• **TASK ITEM**: From the line that holds "NJ Online Casino" to the last line below, retype everything exactly and nothing else; omit pictures.

• **DATA SHOWN**:
== == ==
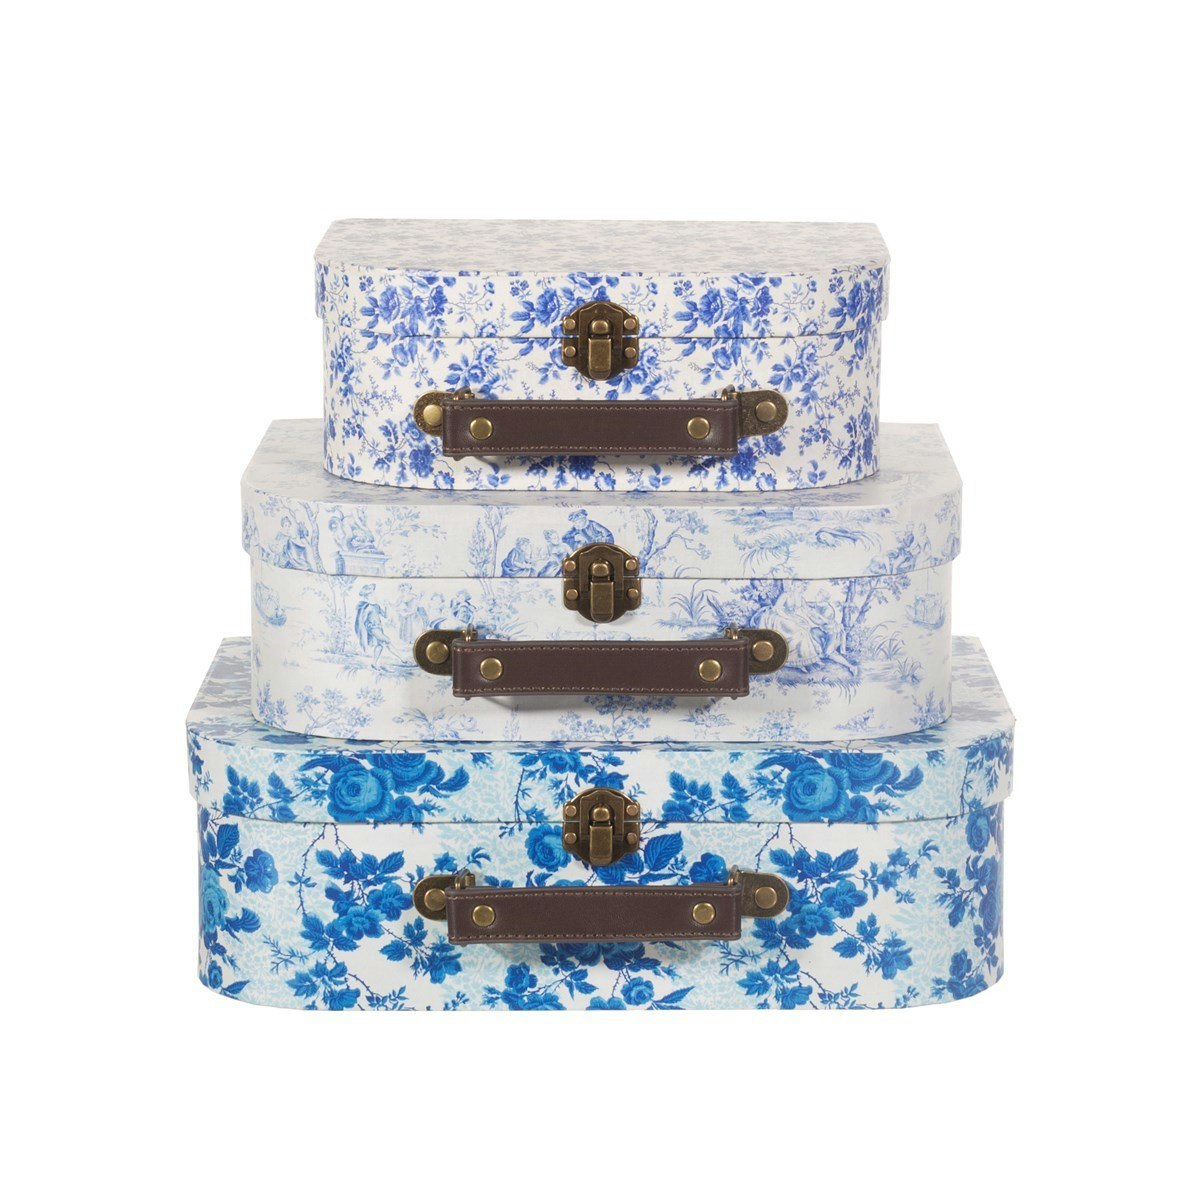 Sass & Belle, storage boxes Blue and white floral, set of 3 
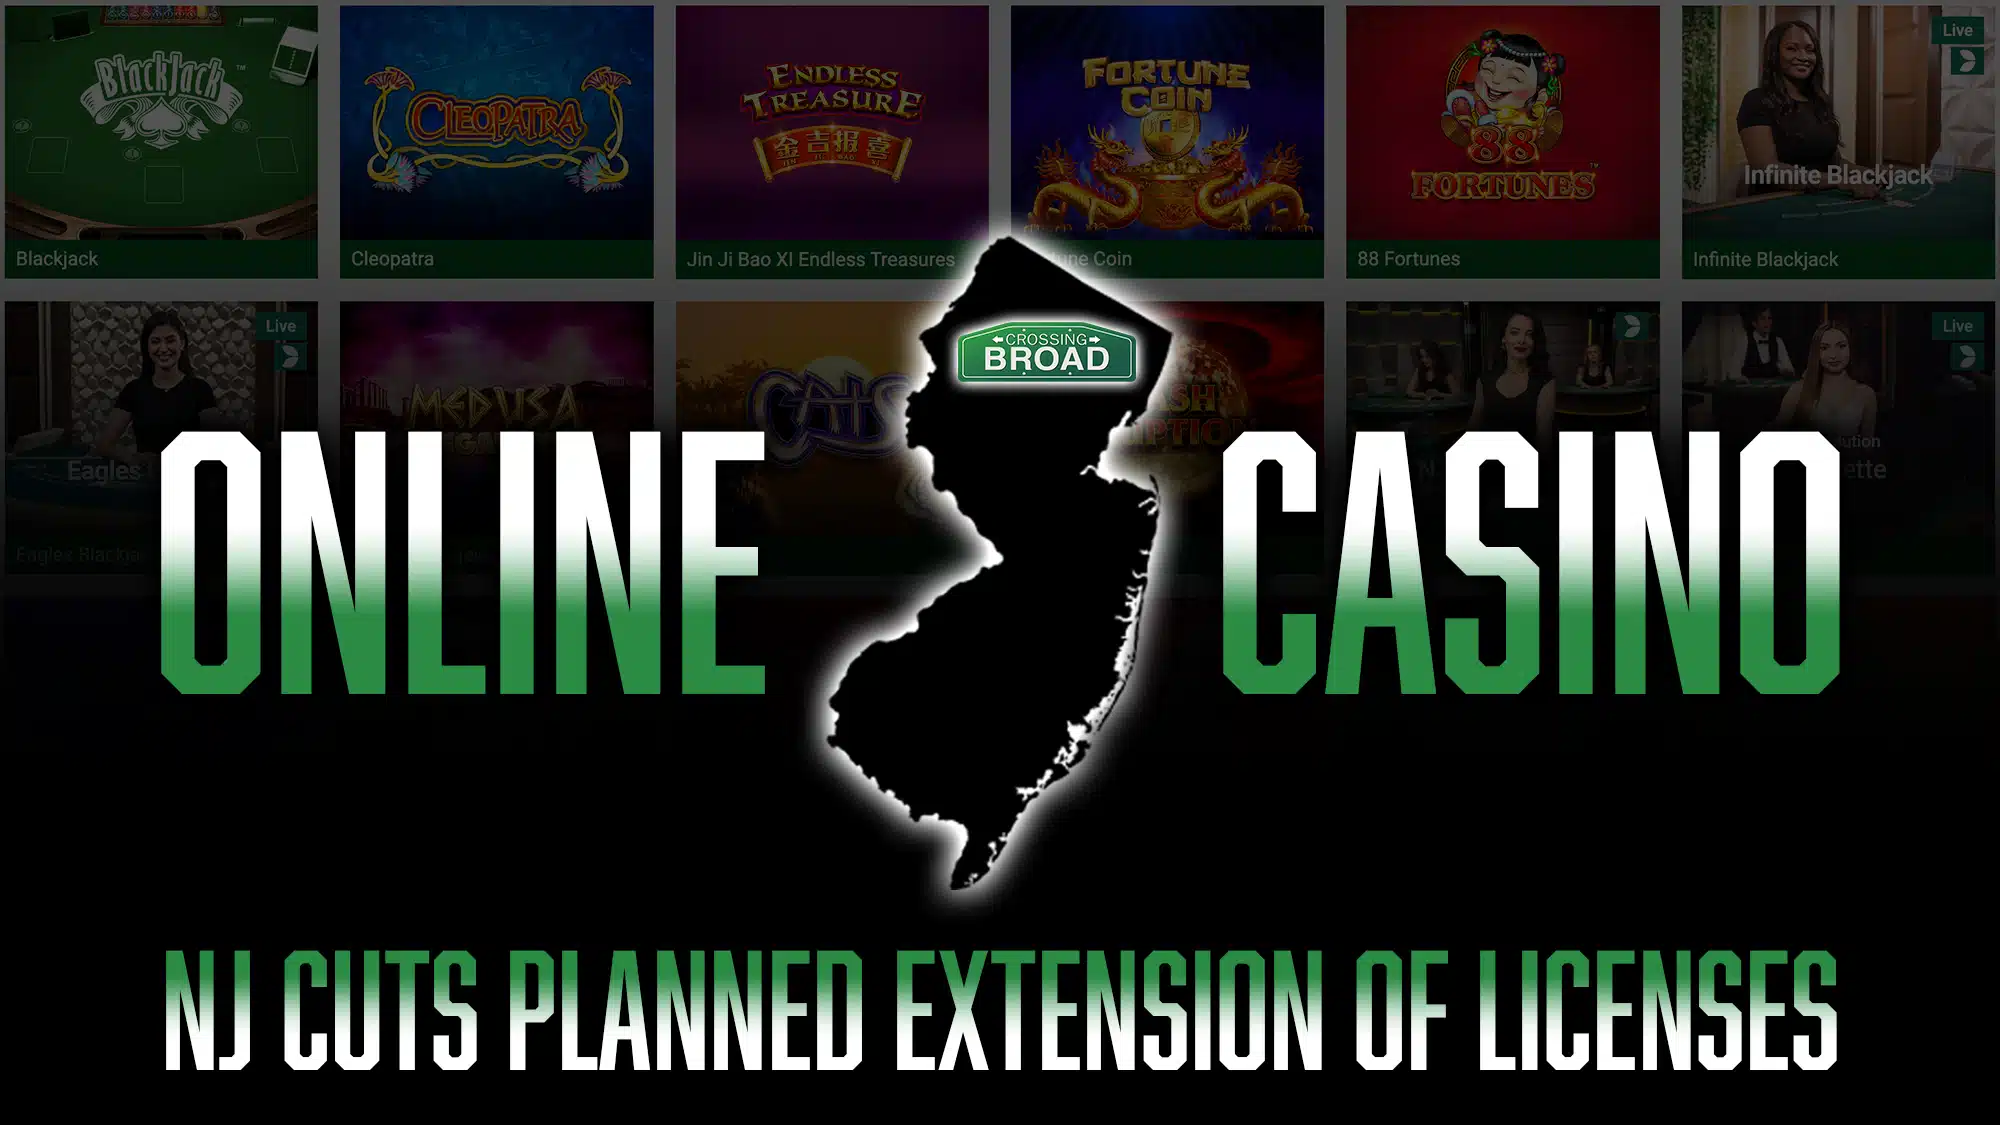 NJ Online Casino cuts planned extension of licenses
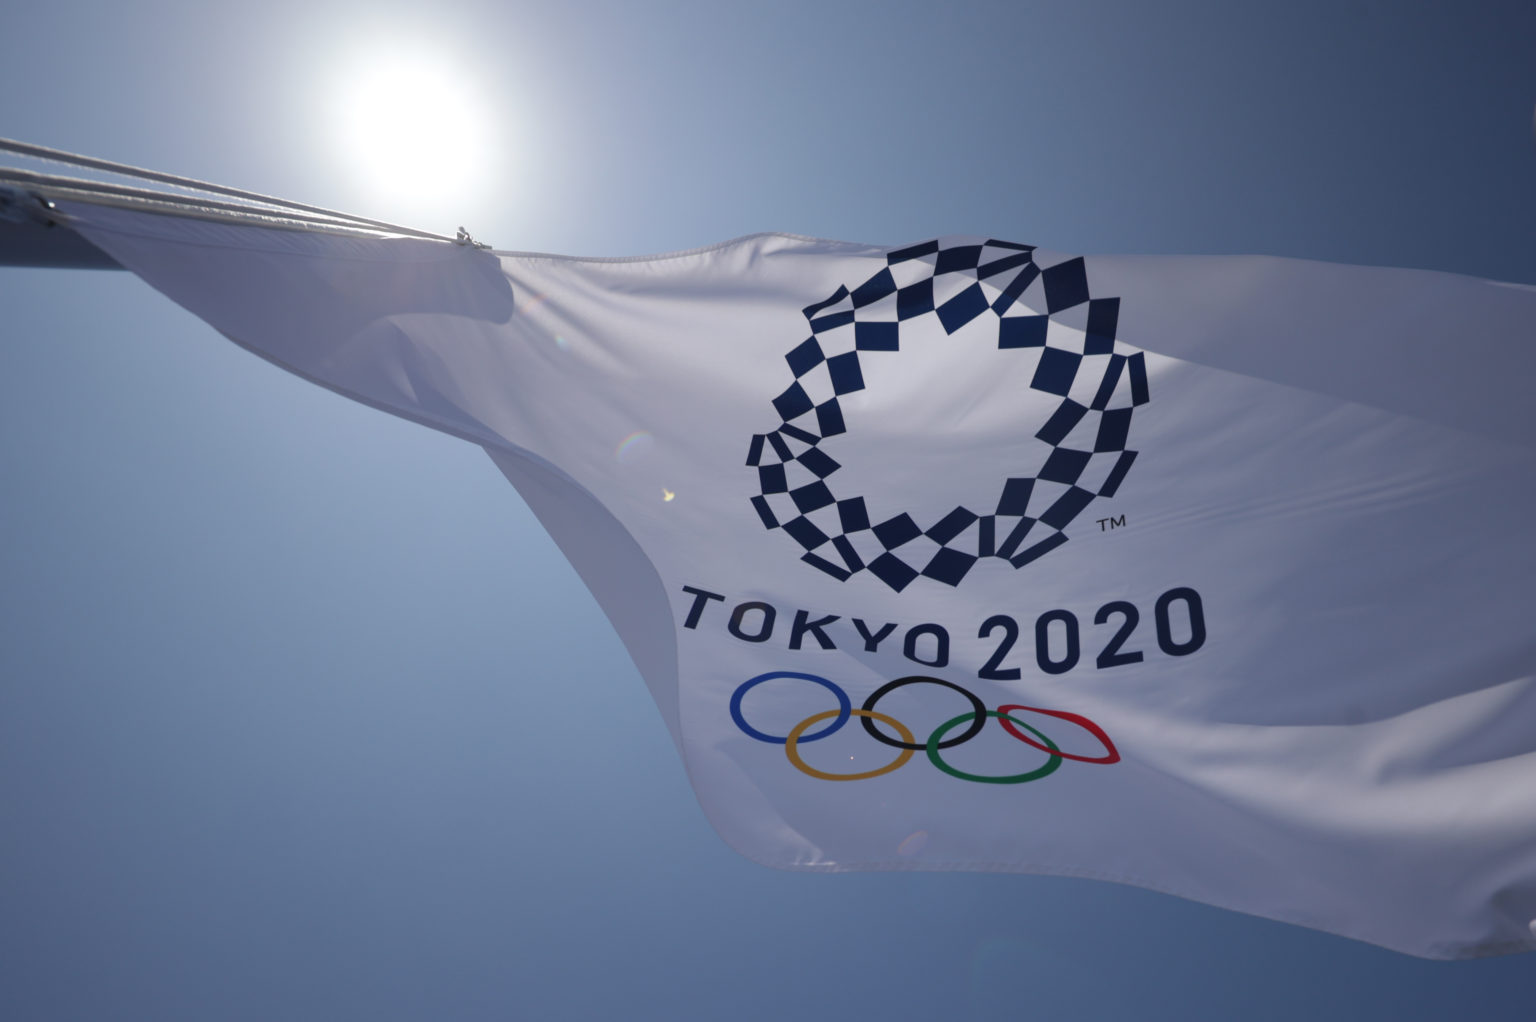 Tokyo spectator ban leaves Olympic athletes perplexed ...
== == ==
• **RESULT**:
 NJ Online Casino cuts planned extension of licenses
 Tokyo spectator ban leaves Olympic athletes perplexed ...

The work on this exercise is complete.